◆ GOAL OF THE EXERCISE
Repeat, exactly and in full, the lines of the listing below, but without any pictures.

◆ DATA PROVIDED
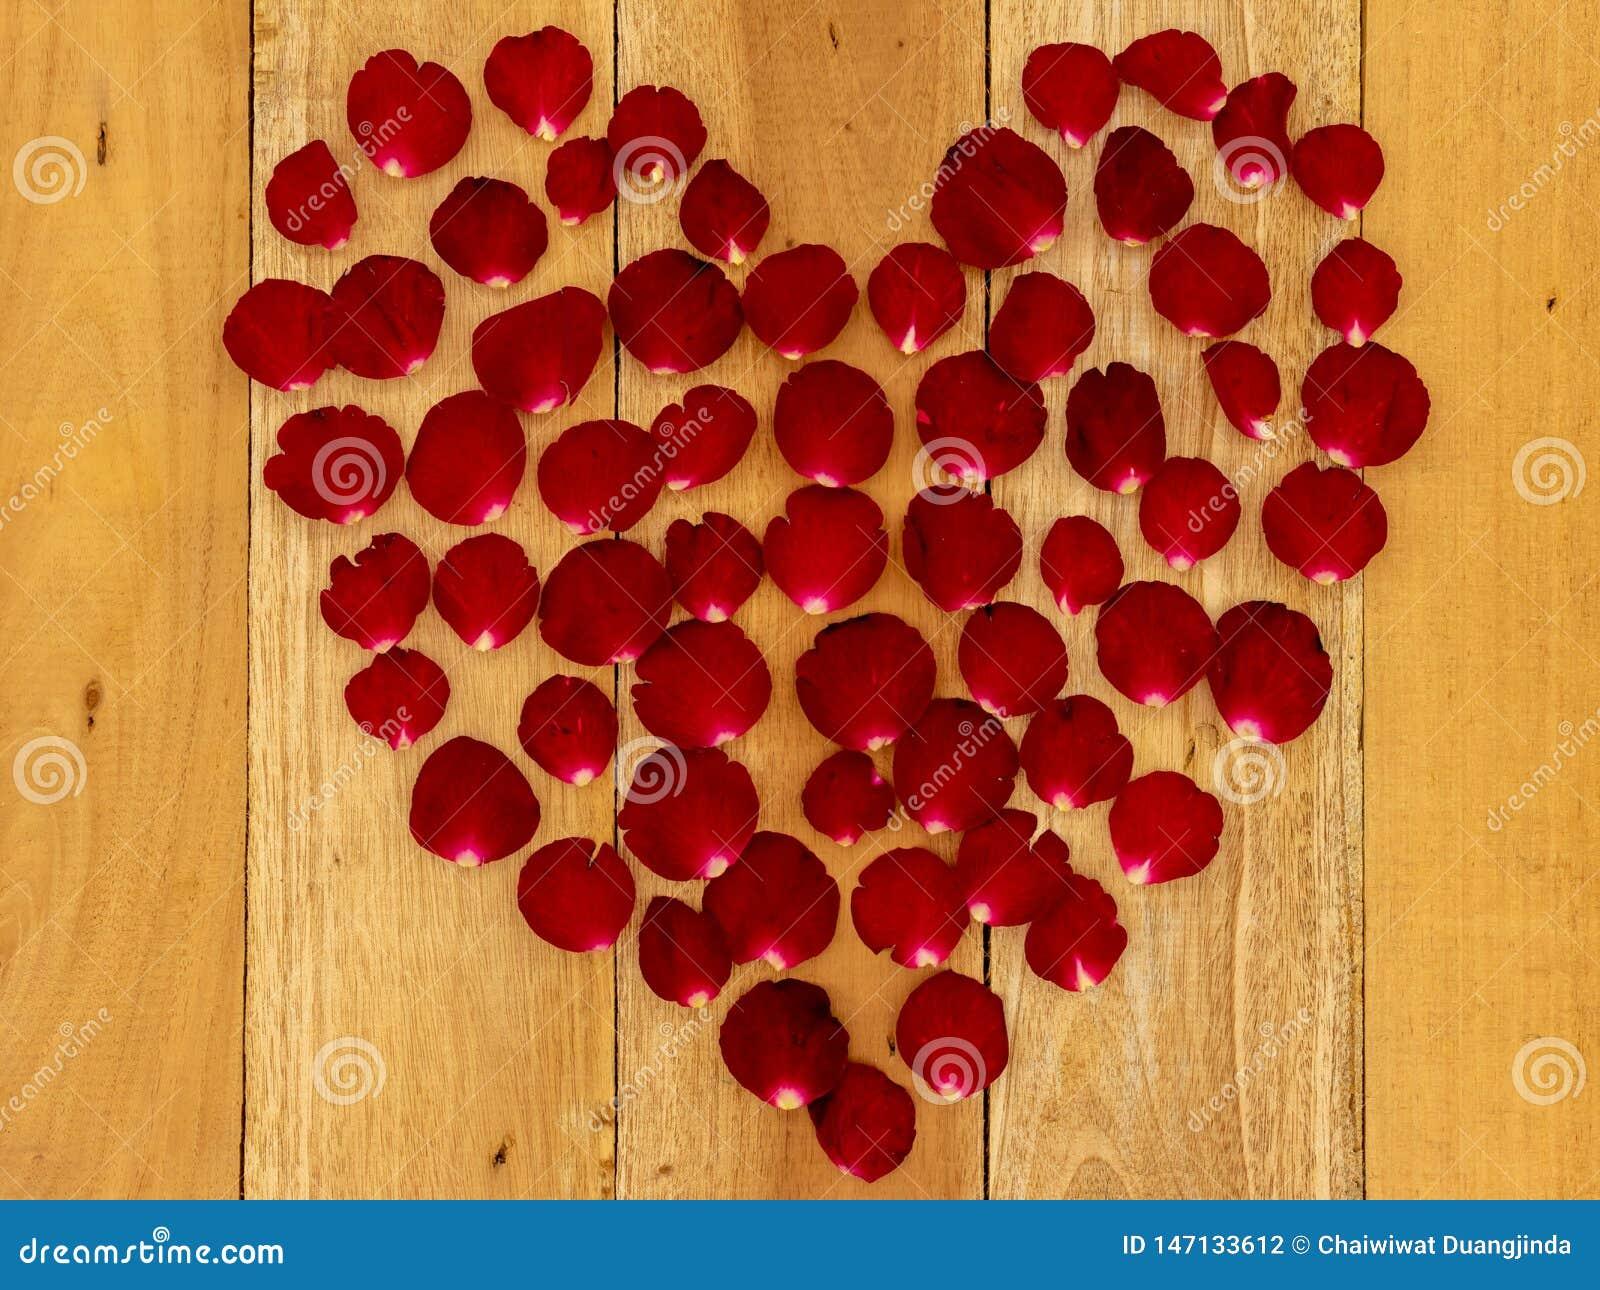 玫瑰花瓣在心形安排了
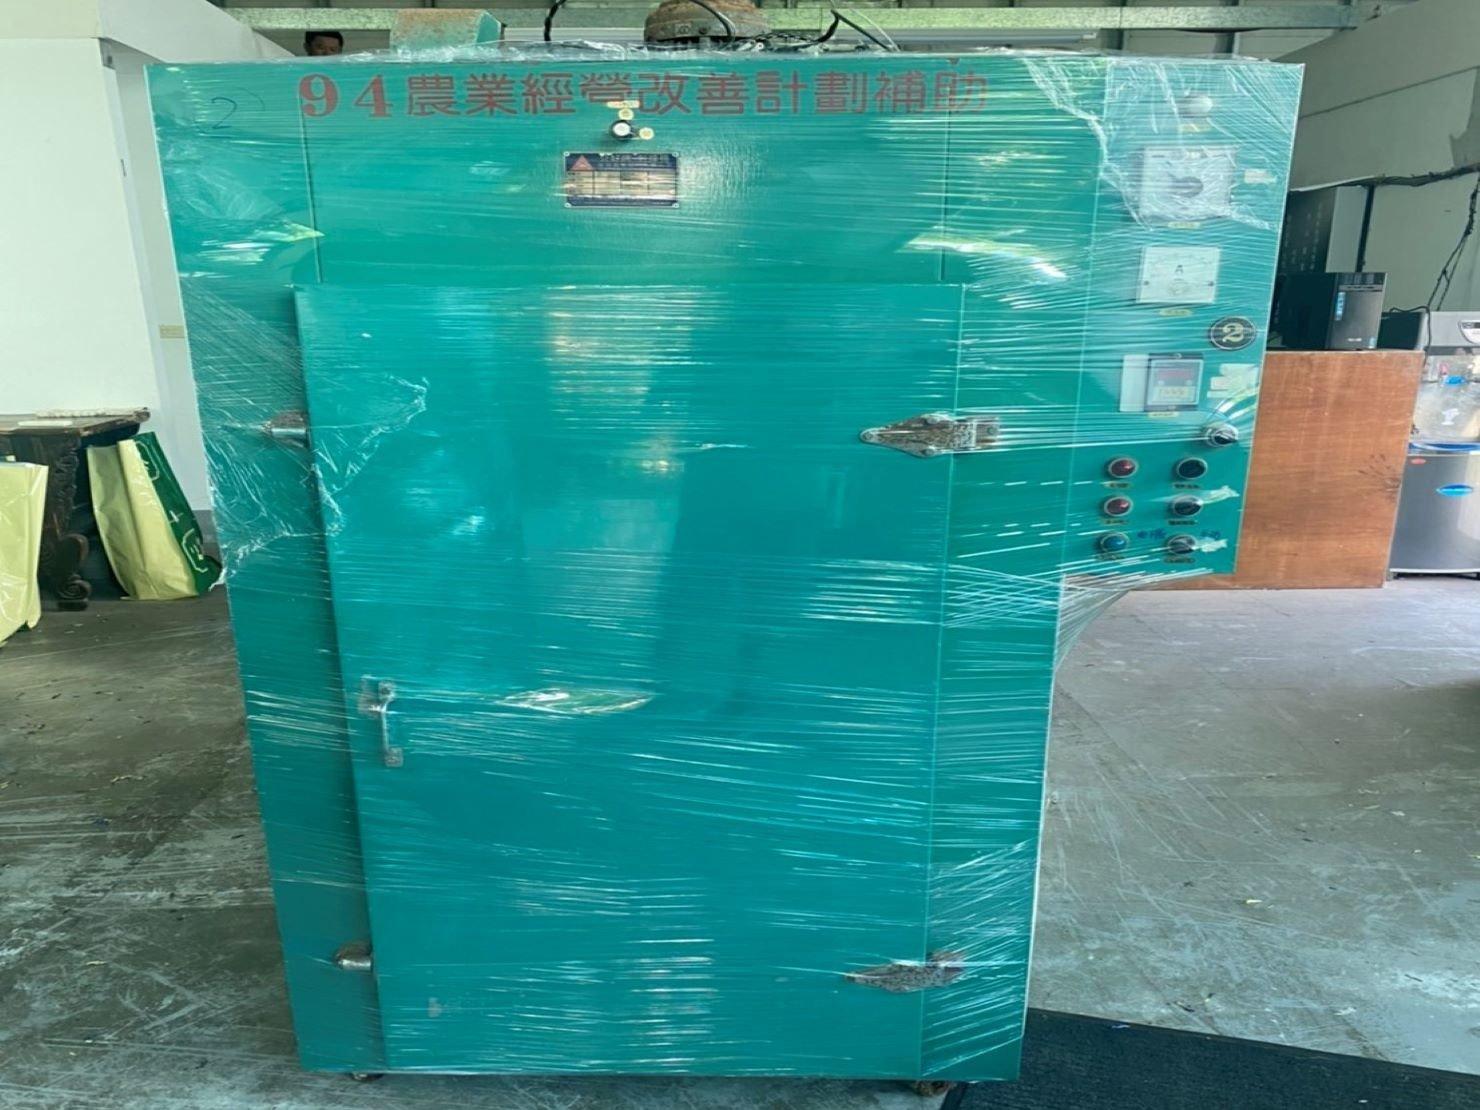 搬家公司【榮福搬家公司】值得您的信賴與選擇:大型乾燥機搬運-由網路5顆星推薦的榮福搬家來服務。
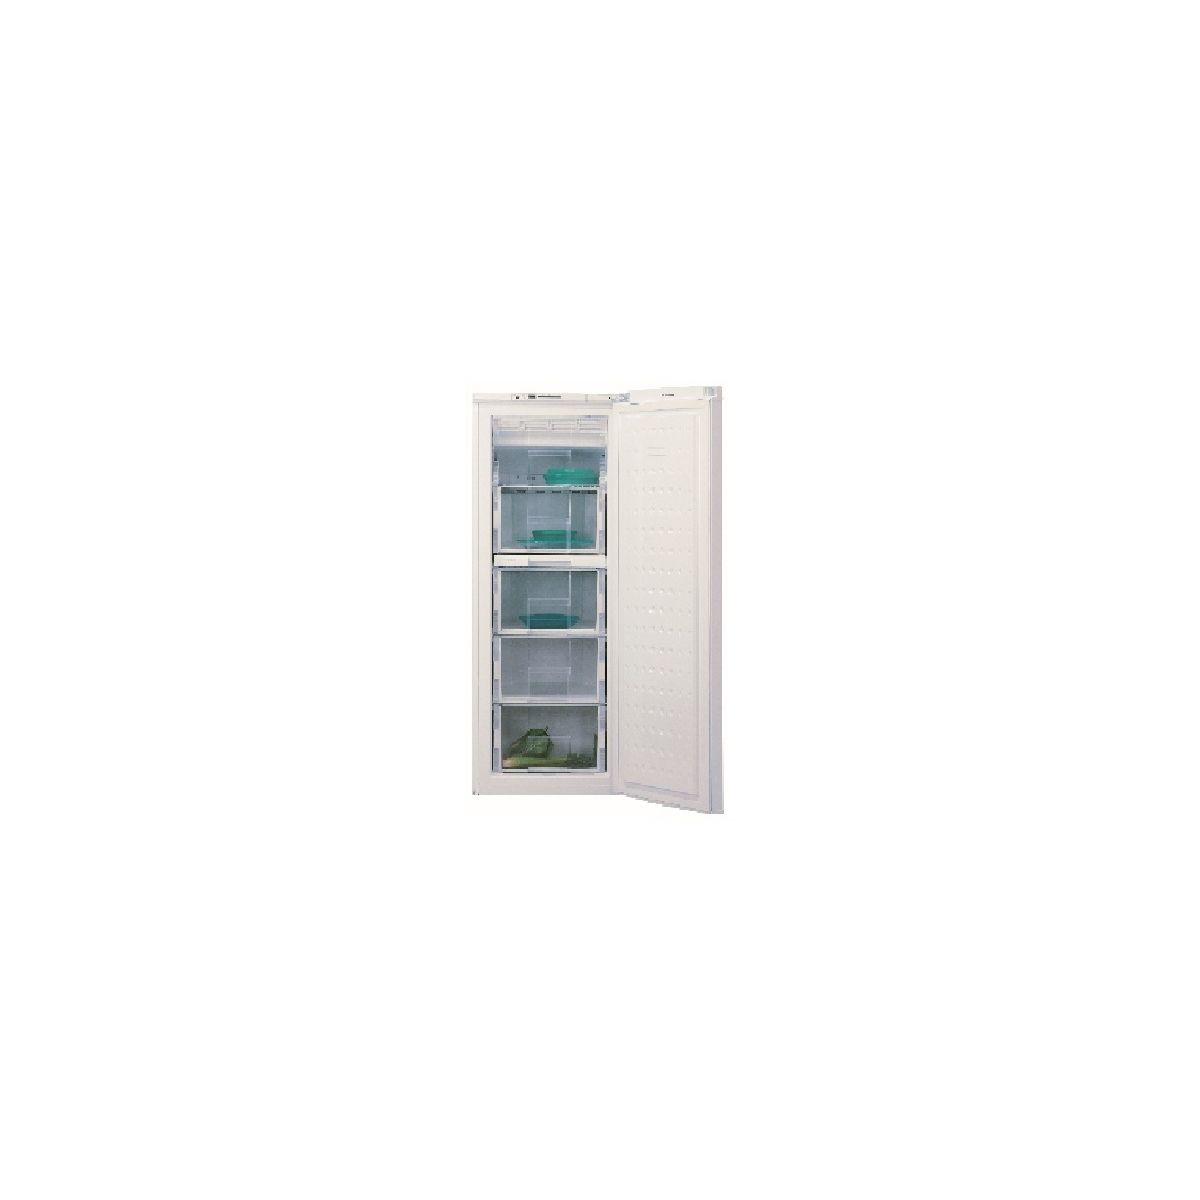 cong lateur armoire achat vente de cong lateur pas cher. Black Bedroom Furniture Sets. Home Design Ideas

◆ WRITTEN RESPONSE
 玫瑰花瓣在心形安排了
 搬家公司【榮福搬家公司】值得您的信賴與選擇:大型乾燥機搬運-由網路5顆星推薦的榮福搬家來服務。
 cong lateur armoire achat vente de cong lateur pas cher. Black Bedroom Furniture Sets. Home Design Ideas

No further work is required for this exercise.